Probability of people in a queue Here is a simple model of a queue. The queue runs in discrete time (t = 0, 1, 2, . . .), and at each unit of time the first person in the queue is served with probability p and, independently, a new person arrives with probability q. At time t = 0, there is one person in the queue. Find the probabilities that there are 0, 1, 2, 3 people in line at time t = 2.
So i haven't read up on random variables yet, so i was wondering how to figure out this problem. I'm having trouble setting this up. I get since the notion of independence is implied there will be some multiplicatiom, but the ideas i've thought of just don't seem to make sense.
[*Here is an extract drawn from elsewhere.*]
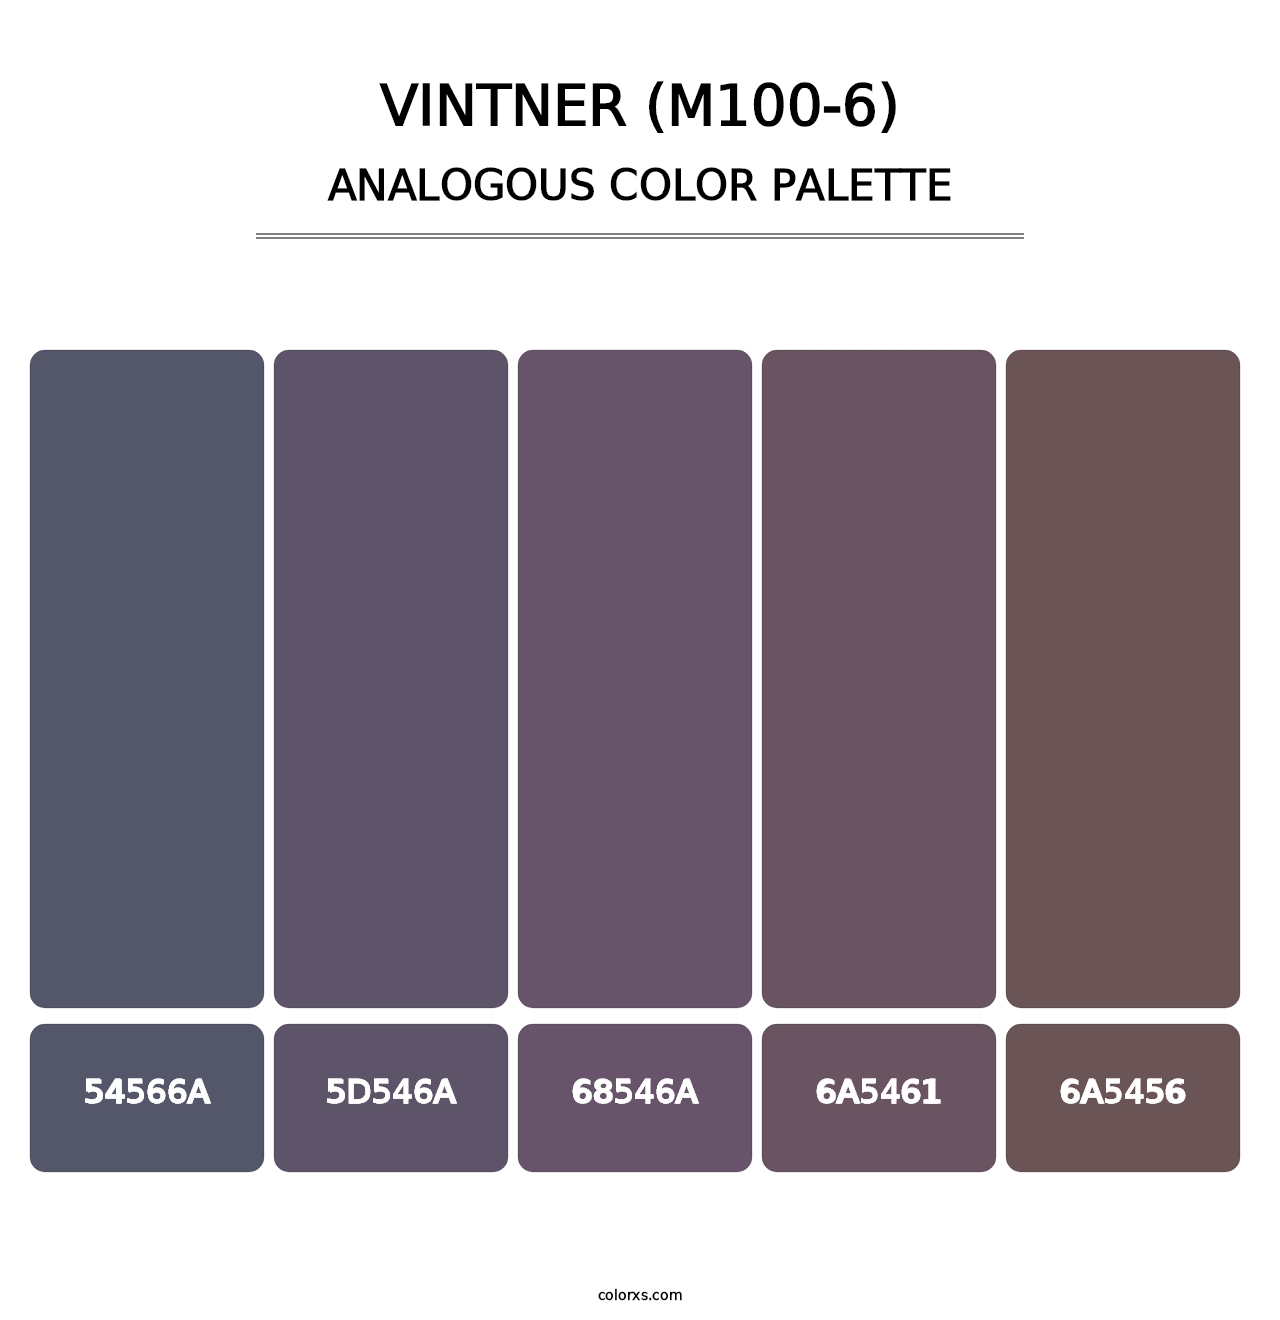 Vintner (M100-6) - Analogous Color Palette

Here is my best attempt in how to set up so far:
For the case of 2 people in line.
$P(2 ppl) = 3pqq(1-q)$ also what does multiplying by "p" have to do with anything if this is about people in a queue?
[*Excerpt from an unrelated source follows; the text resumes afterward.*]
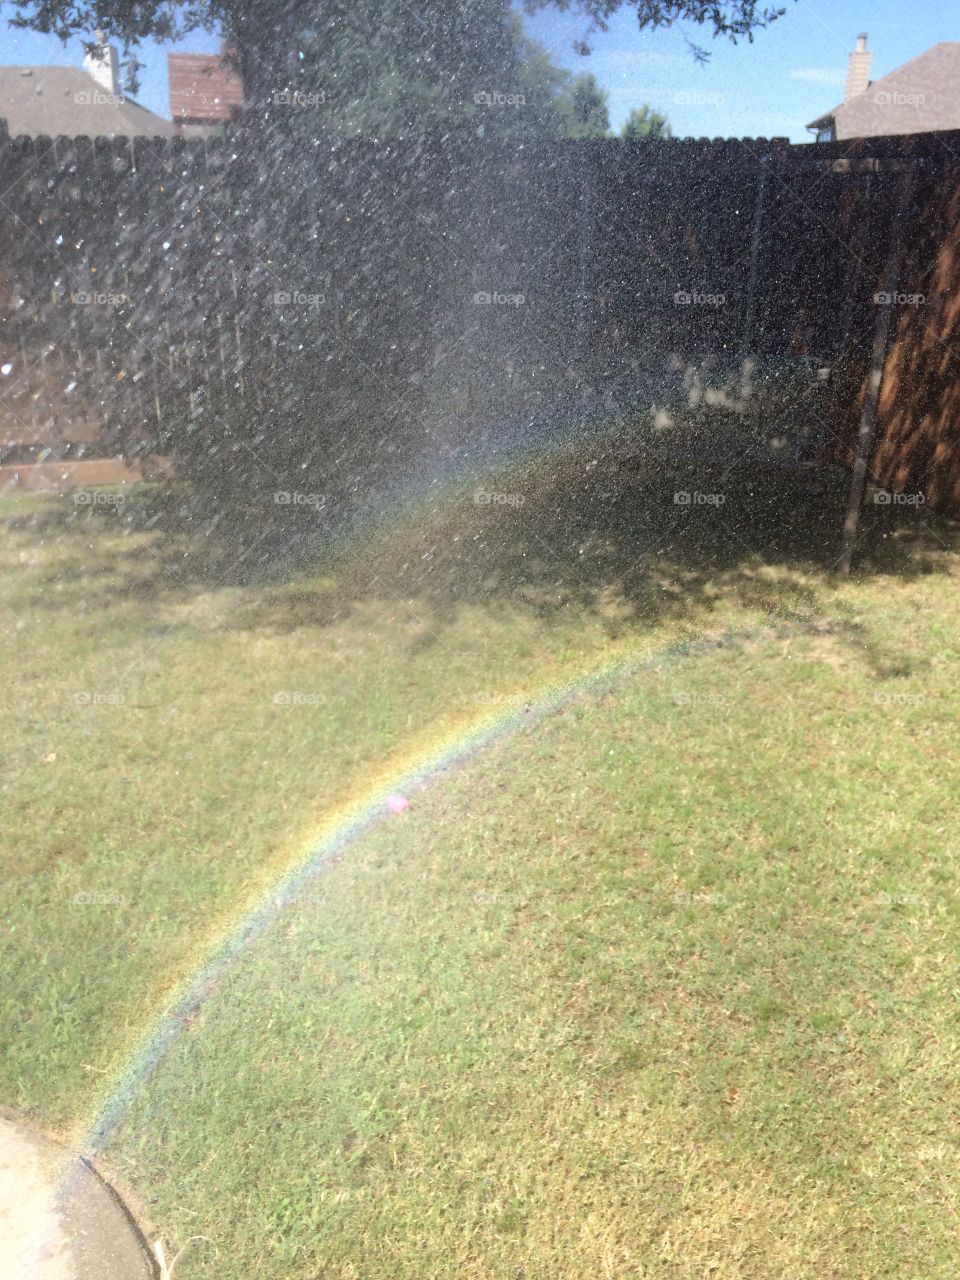 Sprinkle rainbow

 A: Assuming new arrivals in an interval always occur after any possible service happens; so that nobody can arrive at an empty queue, be served, and immediately depart.
To have $Z=n$ people in the queue after two intervals you need $1-X+Y=n$, where $X$ is the number of departures, and $Y$ the number of arrivals.  
It's given that at most one person arrives in a given time interval, and at most one person leaves in an interval.  So we can have 0,1,2 arrivals and 0,1,2 departures.  However, no more people can depart after an interval than were in the queue, so some orders of departure and arrival are prohibited.
$\begin{align}
P(Z=0) & = P([X=1,Y=0]\cup [X=2,Y=1]) 
\\ & = [\color{white}{p\,(1-q)\,1\,(1-q)+ (1-p)\,(1-q)\,p\,(1-q)}] + [\color{black}{p\,q\,p\,(1-q)}] 
\\ & = p\,(2-p)\;(1-q)^2 + p^2\,q(1-q) 
\\[2ex] P(Z=1) & = P([X=0, Y=0]\cup [X=1, Y=1]\cup [X=2, Y=2]) 
\\ & = [\color{white}{(1-p)^2(1-q)^2}]+ [\color{white}{p\,(1-q)\,1\,q + 3\,p\,q\,(1-p)\,(1-q)}]+[\color{white}{p^2q^2}]  
\\[2ex] P(Z=2) & = P([X=0, Y=1]\cup [X=1, Y=2])
\\ & = [\color{white}{(1-p)^2\,2\,q\,(1-q)}] + [\color{white}{2\,p\,(1-p)\,q^2}]  
\\[2ex] P(Z=3) & = P([X=0, Y=2])
\\ & = [(1-p)^2\,q^2]
\end{align}$